The Passing of Amity College.
Amity College, located at College Springs, Page county, is about to be closed to open no more. Lack of support is given as the cause. The school has never had an endowment and competition had been too great for it. The college was founded in 1855 by a company of 12 abolitionists from Pennsylvania who sought two years for a location, finally deciding on the present site. The location is ideal and a town was laid out to provide for future growth; the location of other towns in the vicinity and the failure to get a railroad combined against it and the dreams of the founders were never realized. The school has always maintained a high grade of scholarship and at times has had as many as two hundred students whose credits were accepted by the larger colleges without question. Young, strong, scholarly men have been called to the presidency and have wasted the best years of their lives in trying to put the school on a paying basis but in vain, each in turn gave up the struggle and now it has come to the point where a substantial endowment must be raised or the school close.

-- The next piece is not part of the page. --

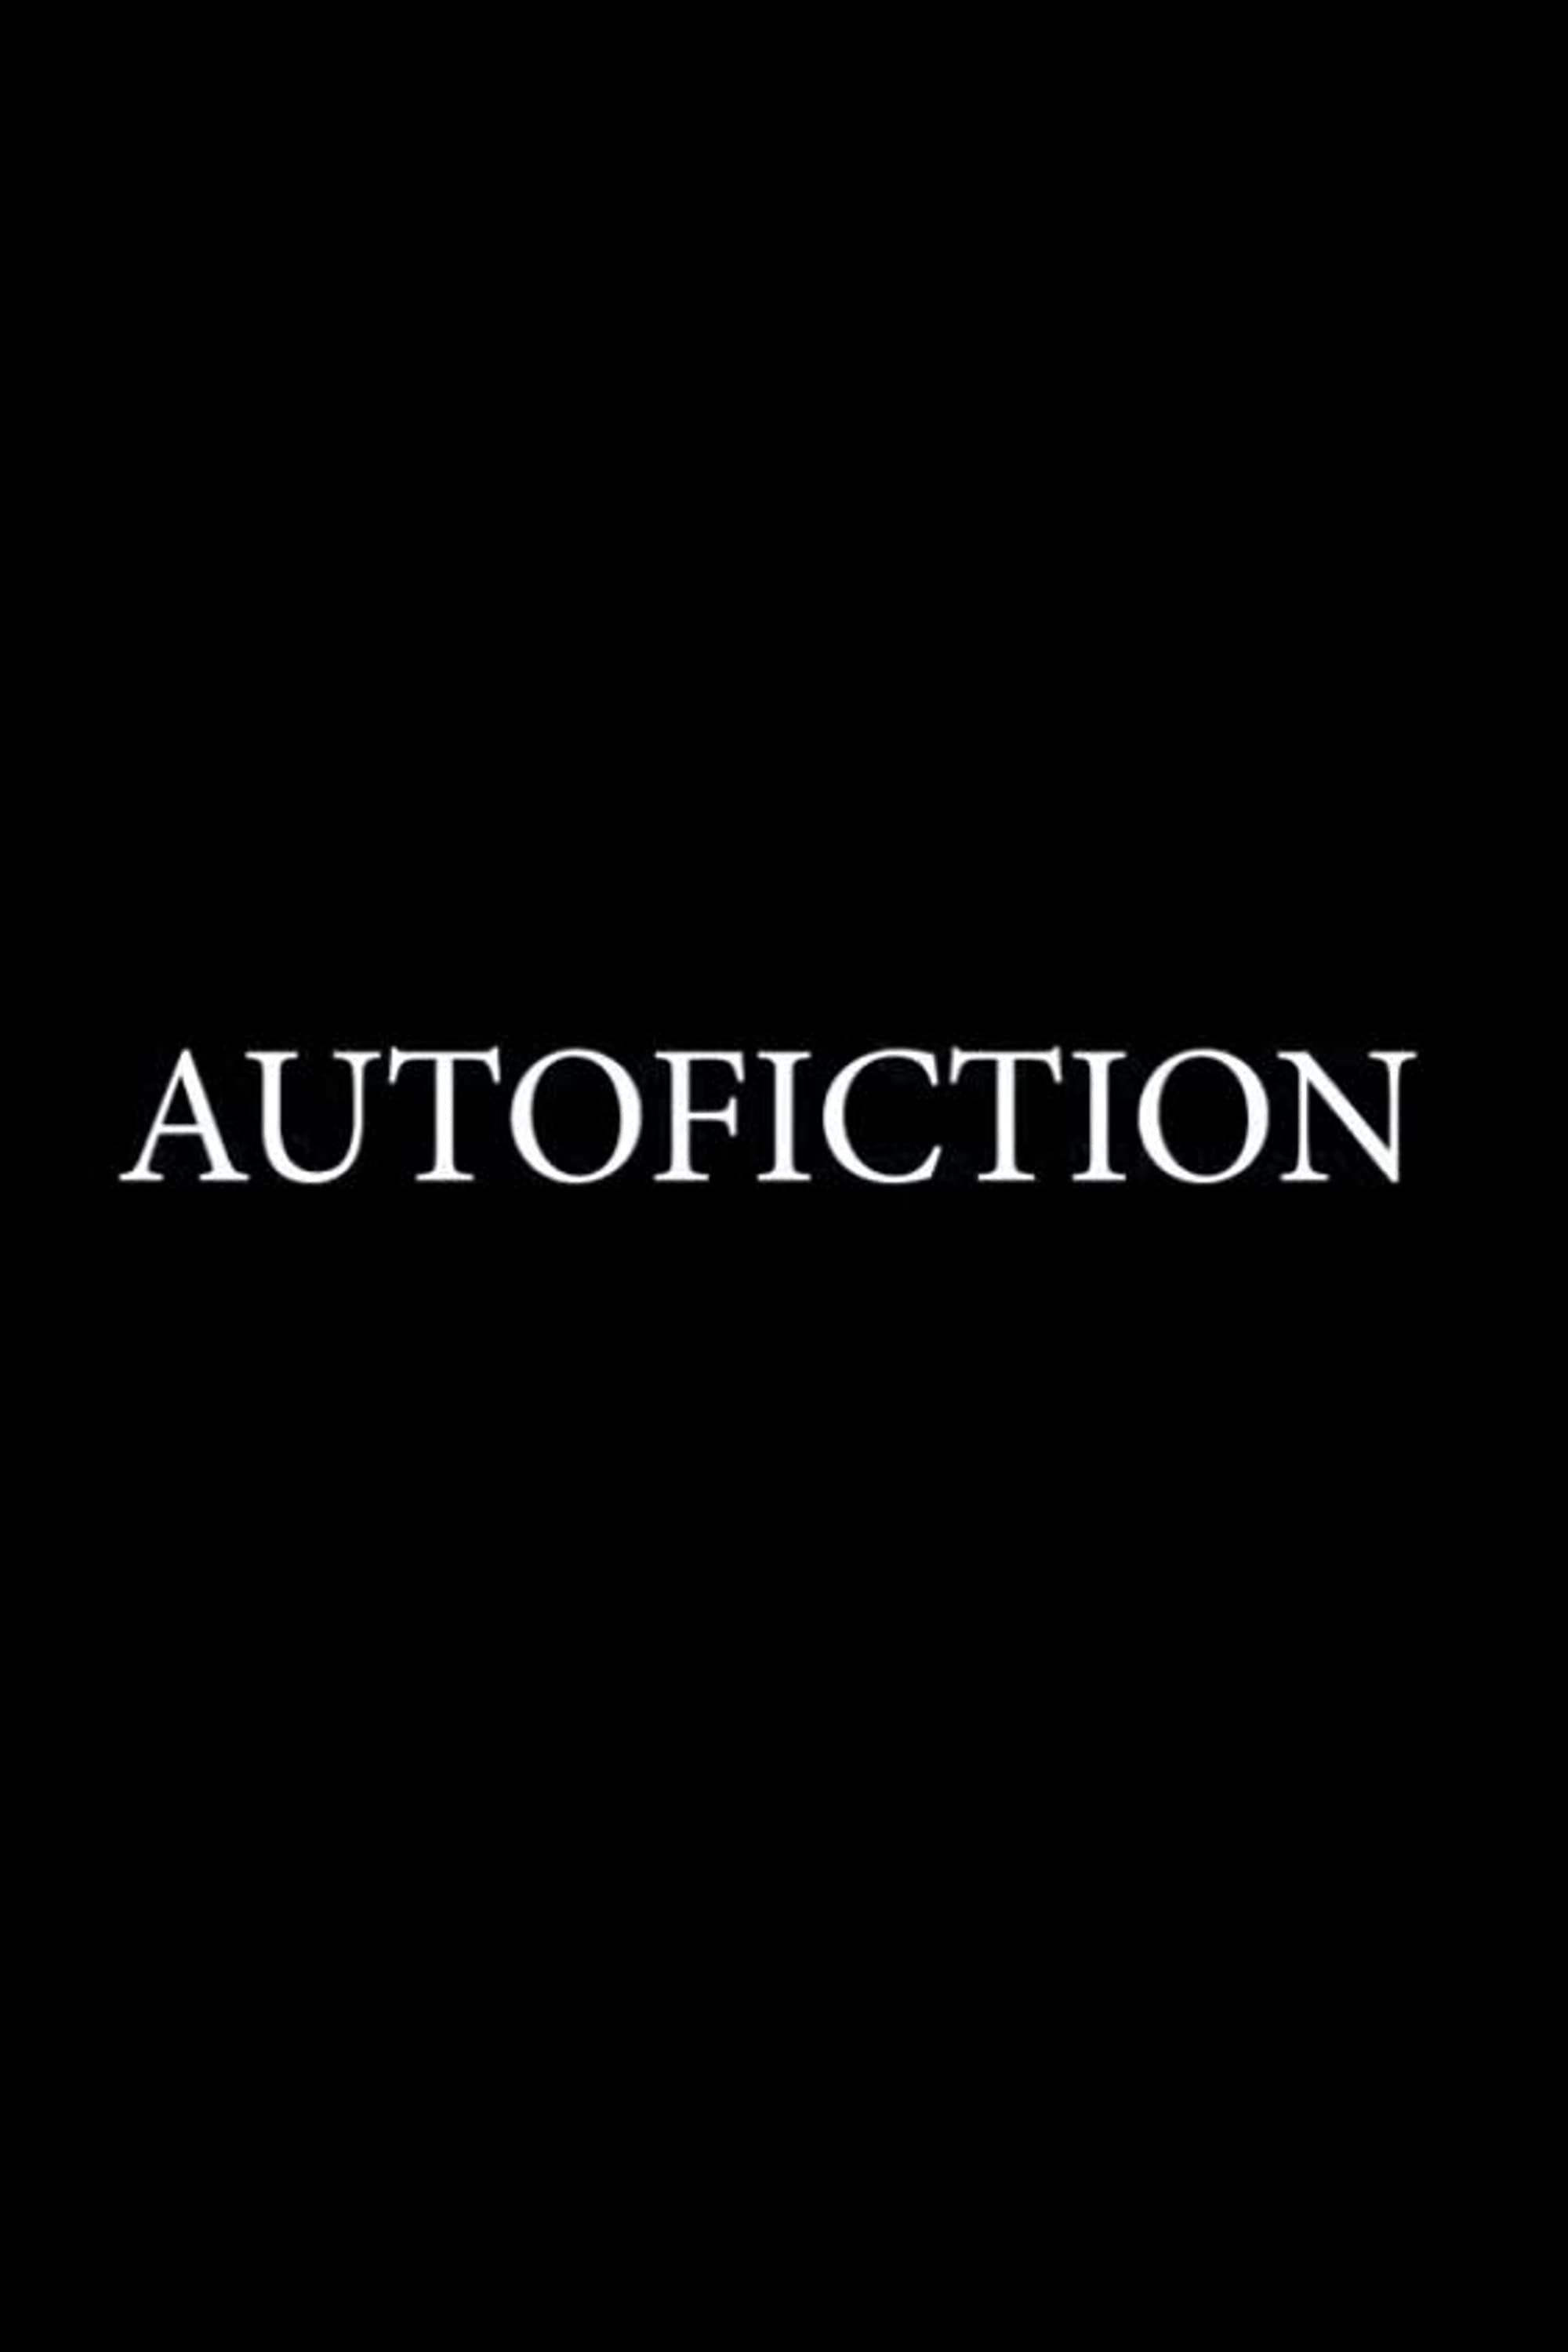 Autofiction: A Short Film
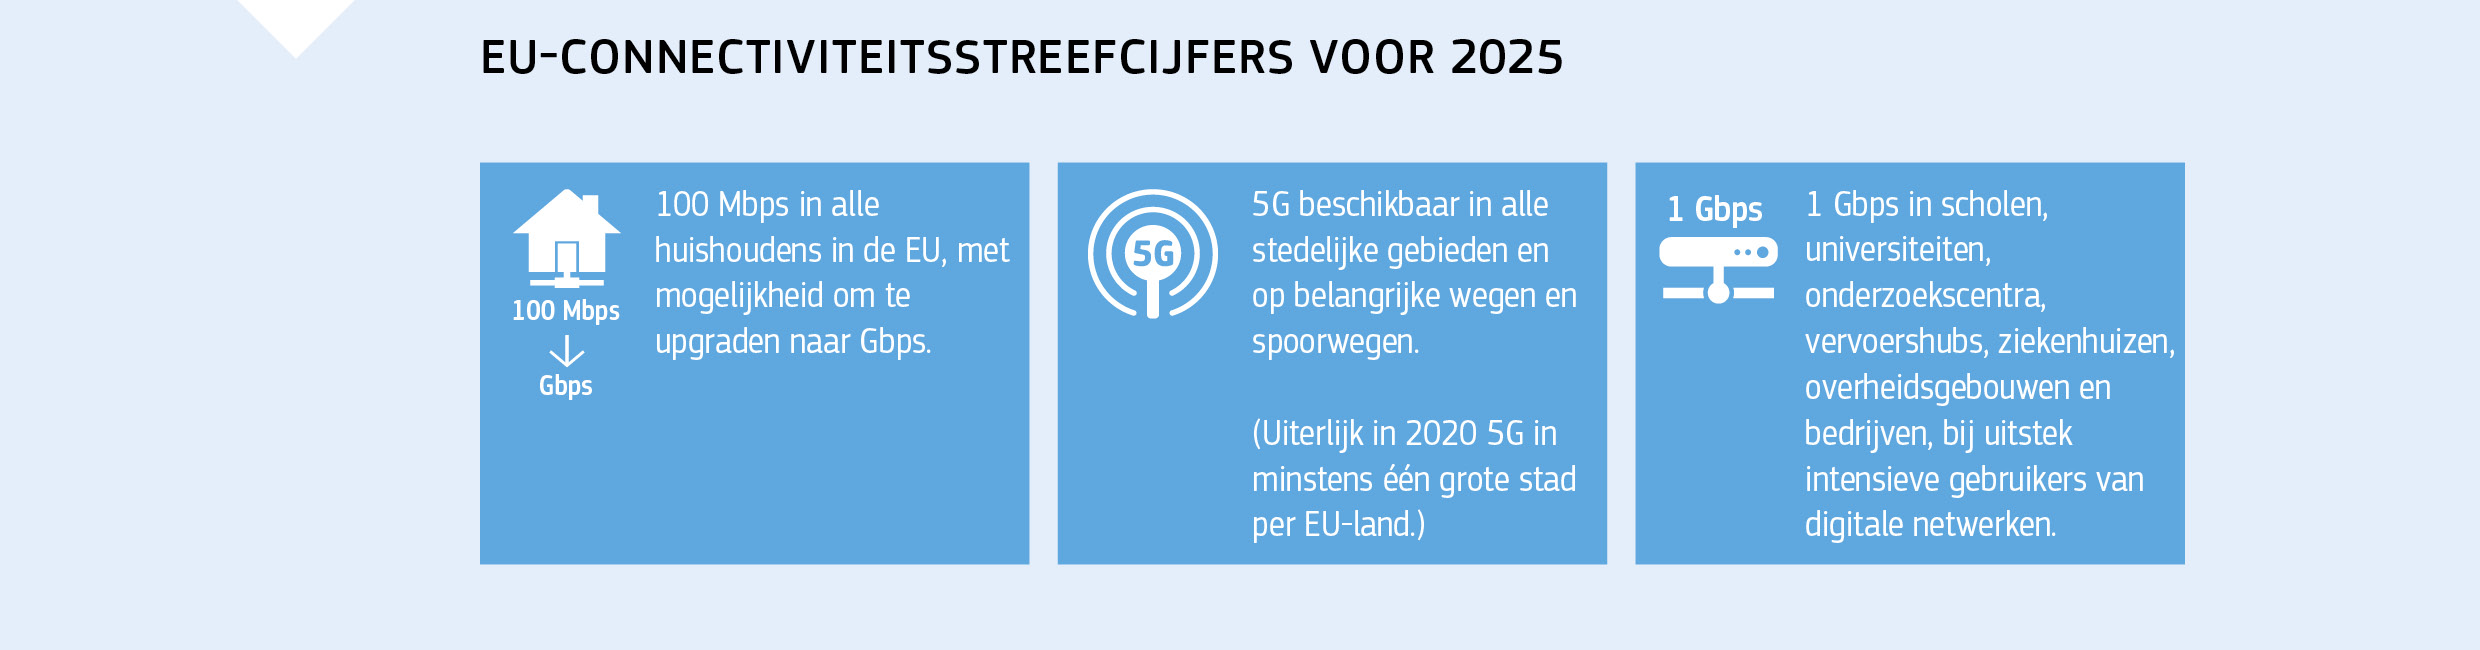 EU-CONNECTIVITEITSSTREEFCIJFERS VOOR 2025

Of course when the town finds they are likely to lose the school they will wake up and do something for they are really proud of their college. There are enough well to do farmers in the community to put the school on a good financial basis and they must do it at once. A movement is already on foot to raise $100,000 and it is said that Andrew Carnegie has promised a substantial donation in case the town comes up with their part of it.
Published in the Bedford Free Press, Bedford, Iowa, May 23, 1912.